This project has expended a lot of time, effort and money on providing servers that can at least try to keep up with the demand. Modern GPUs, even low to mid range ones have become extremely productive, to the point that ones costing around $100 can crunch the current 5x larger tasks in perhaps 15-20 minutes. Do you really think it's sensible to reduce that to 3-4 minutes by going back to 'CPU sized' tasks? With all the pounding to get and return work so rapidly, I'm surprised that there hasn't already been a further change to 10x sized tasks, or even larger.
Engagex BOINC-SETI wrote:
... how much extra computing power would I gain by getting some PC3 1600 DIMMS with CL7 timings? VS PC3 1600 CL11 that I have to underclock to 1066 to get better overall speed because of better timing?
My guess would be virtually none. Every time I've tried to measure an improvement from running faster RAM, there hasn't been a statistically significant difference - certainly not one that would justify the cost. If you want a lot more output for not much money, get a decent GPU along the lines that archae86 suggested, rather than spending on faster RAM.
Engagex BOINC-SETI wrote:
I haven't received my PCIe X1 to X16 adapter yet so I don't have my GT710 running yet. I'm also planning on getting an AMD HD 5450 depending on how much room I have after the adapter (I'll have to use another one).

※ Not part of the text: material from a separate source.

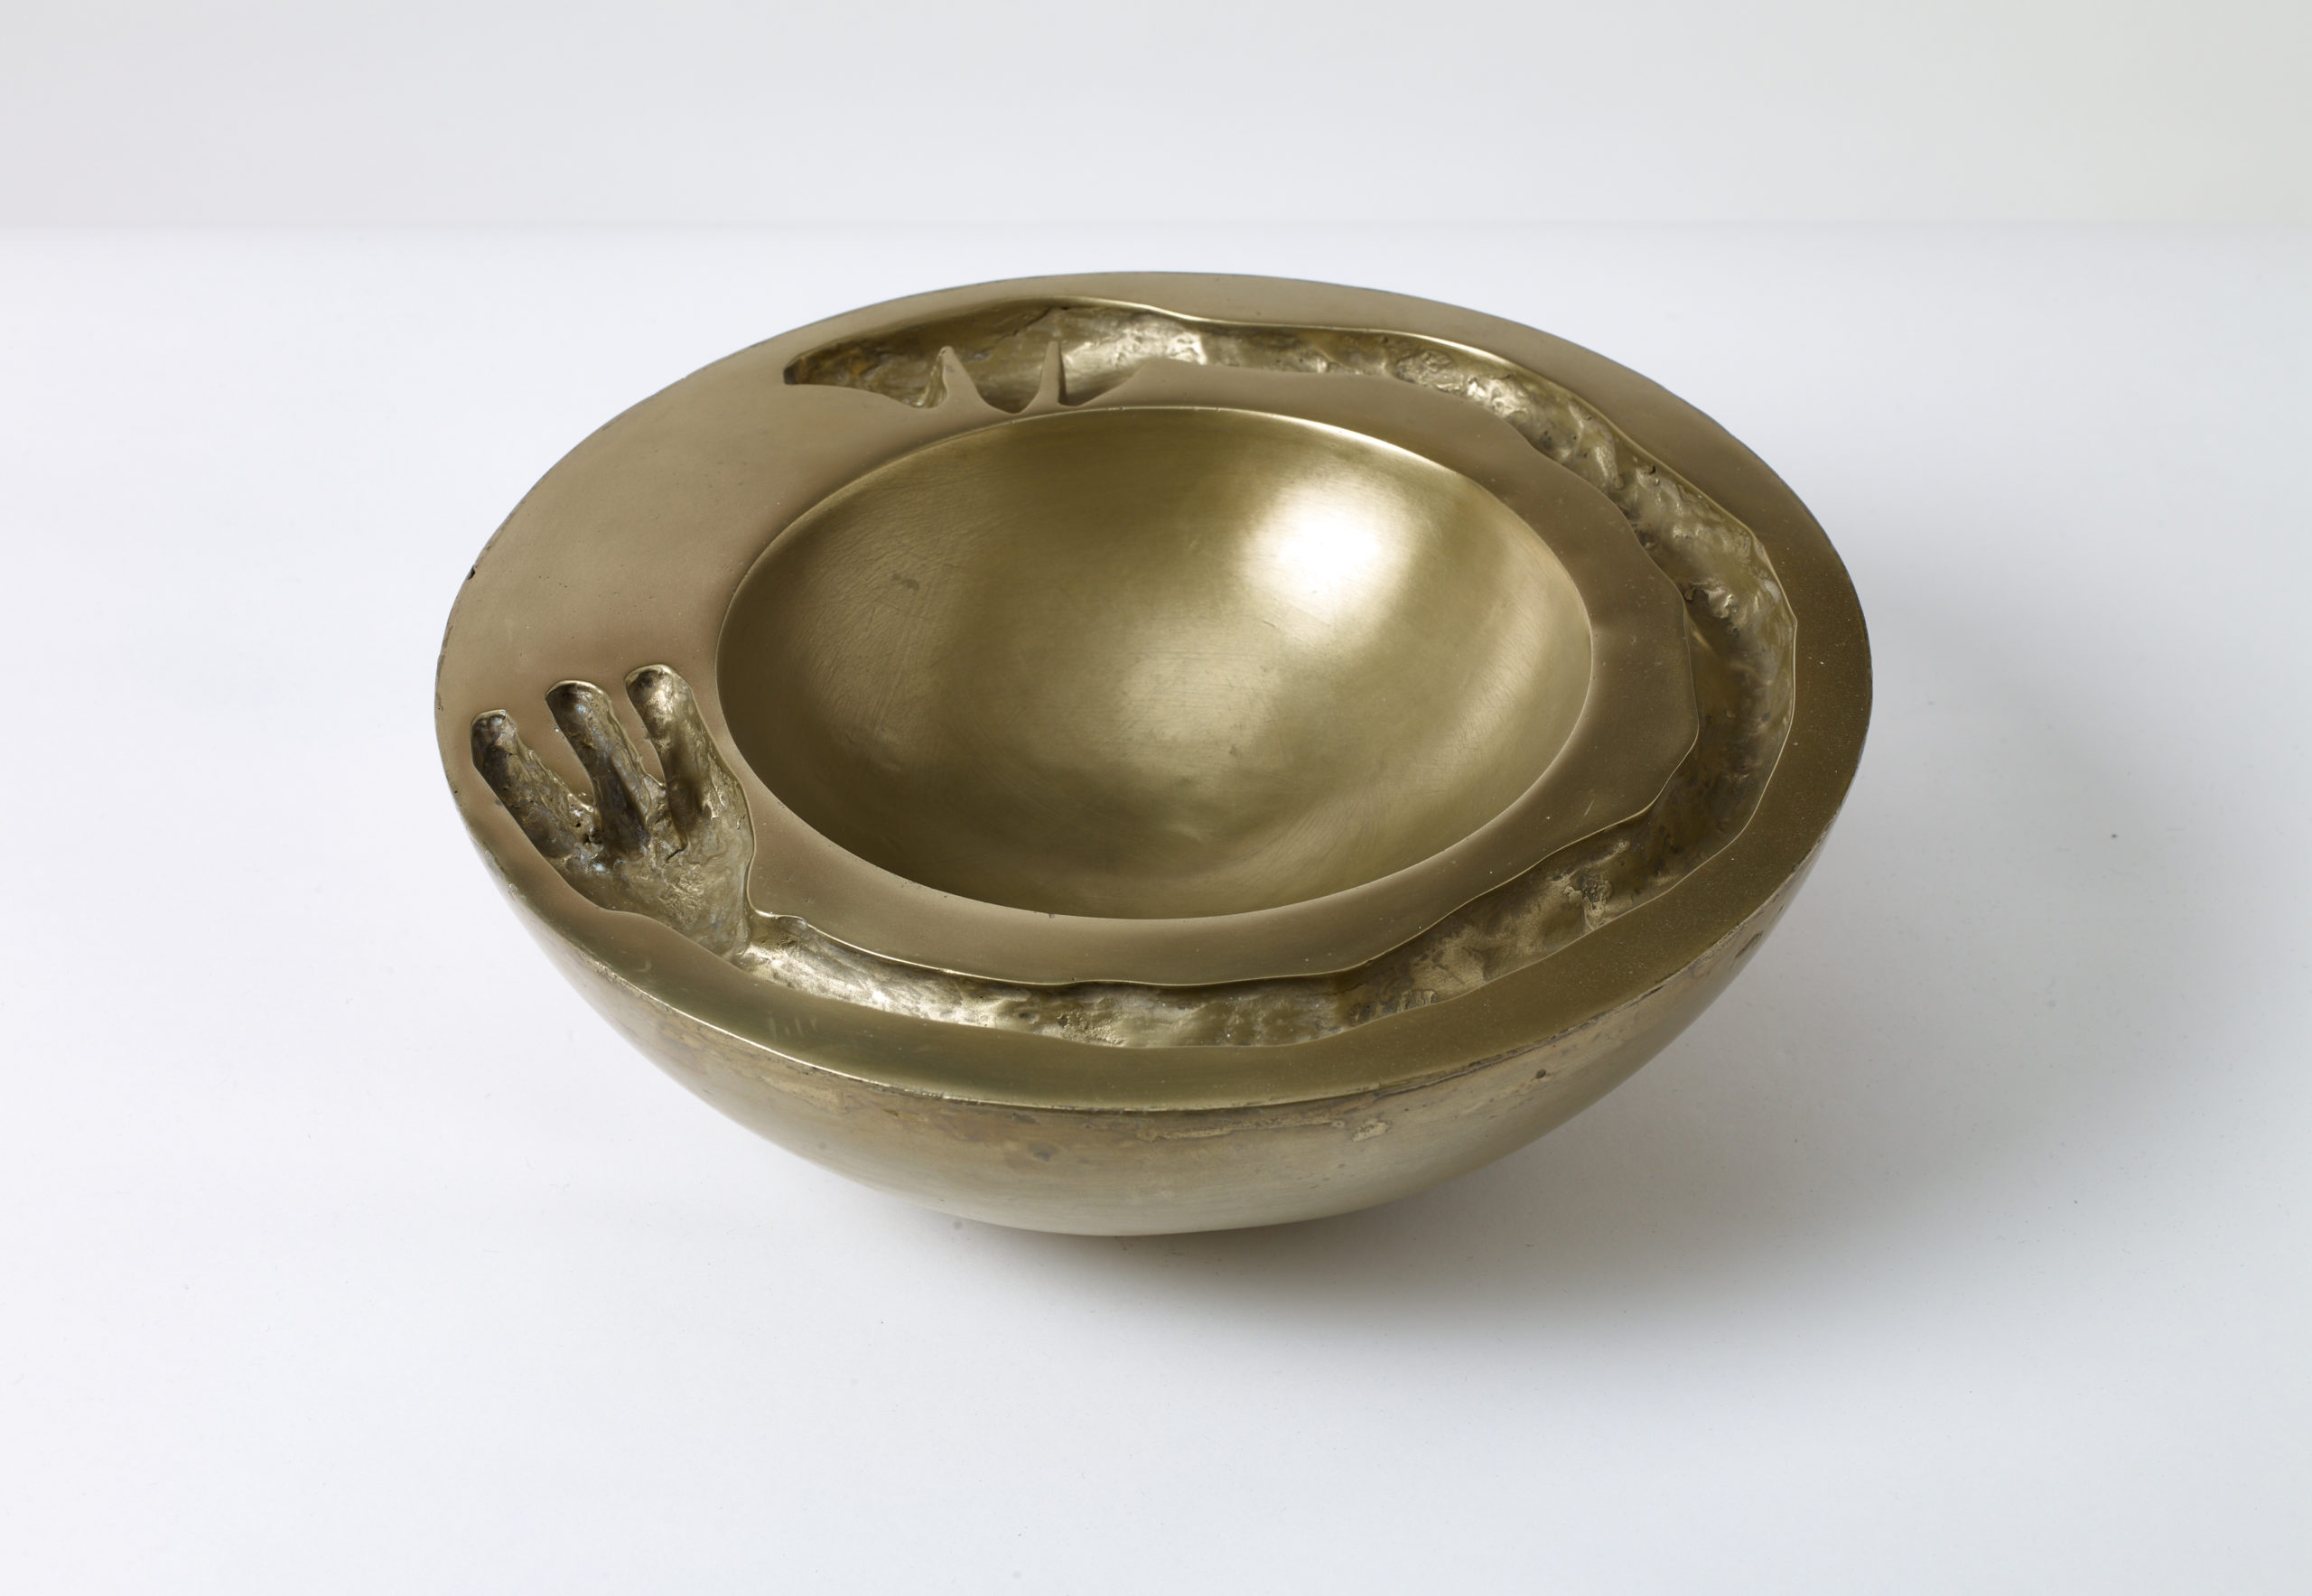 Brass, 30 x 18 x 10cm, outer diameter x inner diameter x height, 2019.

Only because I've read that AMD GPUs can be faster, especially with some projects. Would that still be the case even though the 710 is better on paper? http://gpuboss.com/gpus/Radeon-HD-5450-vs-GeForce-GT-710
I suspect you are going to be rather disappointed by trying to run GPU tasks through an X1 slot. Whilst PCIe bandwidth is not as important to the current series of GPU tasks as it used to be, I think it'll be important enough to really cripple the performance. Maybe it would be OK to use an X4 slot but I have doubts about X1. It'll be interesting to see what you get. As far as a 710 vs a 5450 is concerned, I wouldn't have a clue. I wouldn't regard either one as good value for money for crunching at Einstein. I don't know about other projects.
So instead of making the tasks take longer just to take longer why not make them gather more data? Like Einstein in 4k?

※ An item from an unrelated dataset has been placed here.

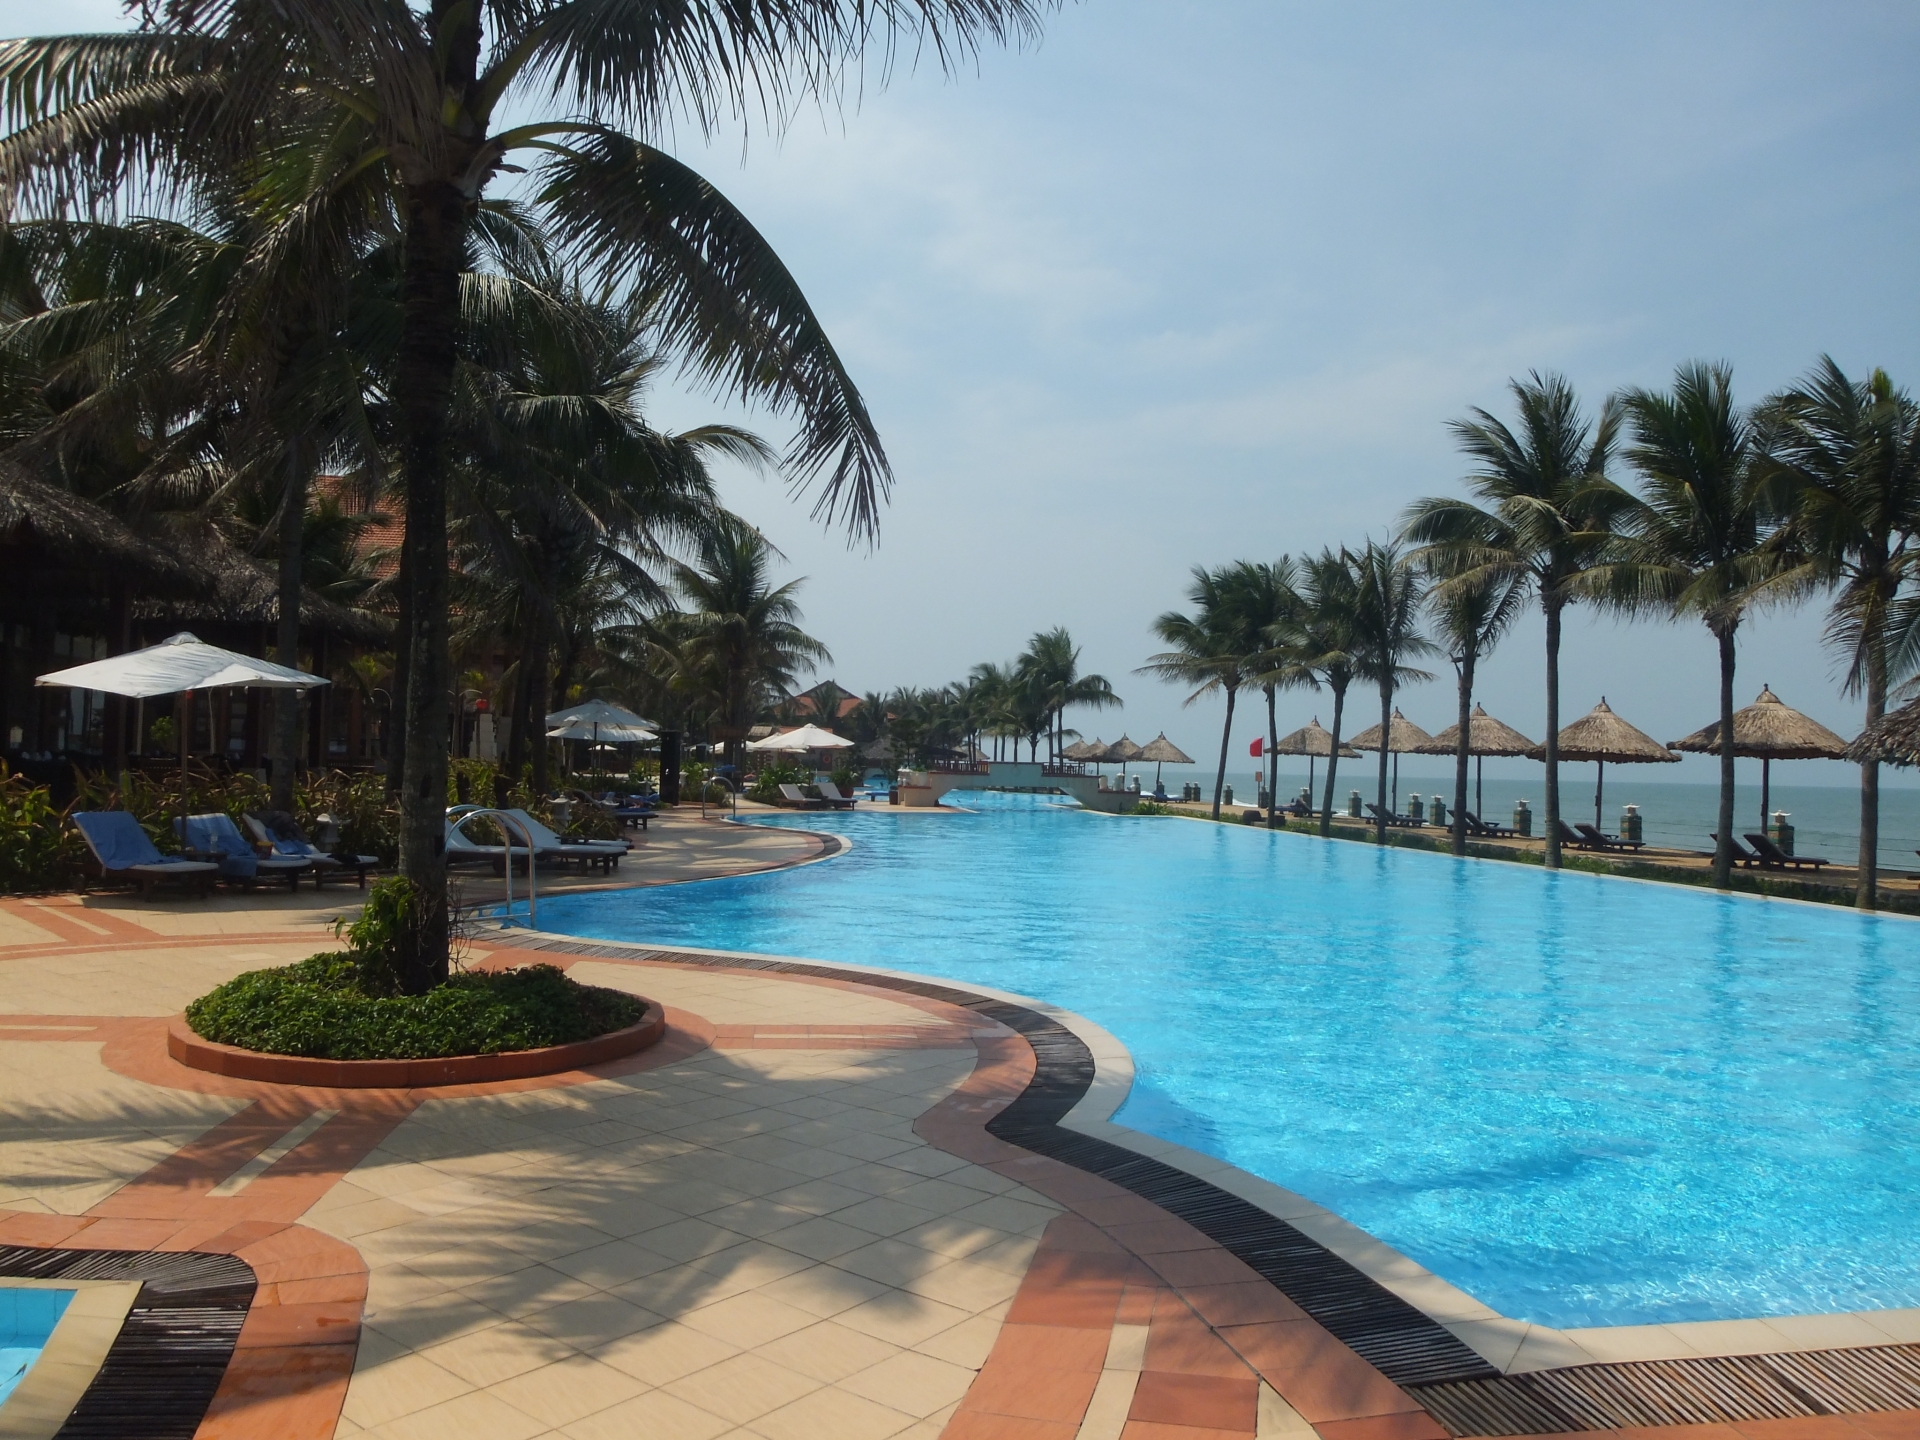 Resort hotel in Danang

My GT420 only uses up to 5% Pcie bandwidth...and only up to about 5% Vram usage. (Unless I force it to compute more than one task at a time, then my Vram is only up to about 45%).
So instead of making the tasks take longer just to take longer why not make them gather more data? Like Einstein in 4k?
I don't know what that really means as tasks are not made to "take longer just to take longer" and tasks don't "gather more data", they analyse blocks of data gathered by the large area telescope, to look for patterns in the arrival of gamma ray photons at the detector. There is a huge parameter space to search through.
There are many blocks of data and each single one is sent to lots of different crunching devices. Each task is essentially a small subset of the entire parameter space for a given block of data. Doesn't it make sense to send a 5x larger slab of the parameter space so that at the end of the day there will be 5x fewer tasks needing to be sent out for that single block of data to be completely finished?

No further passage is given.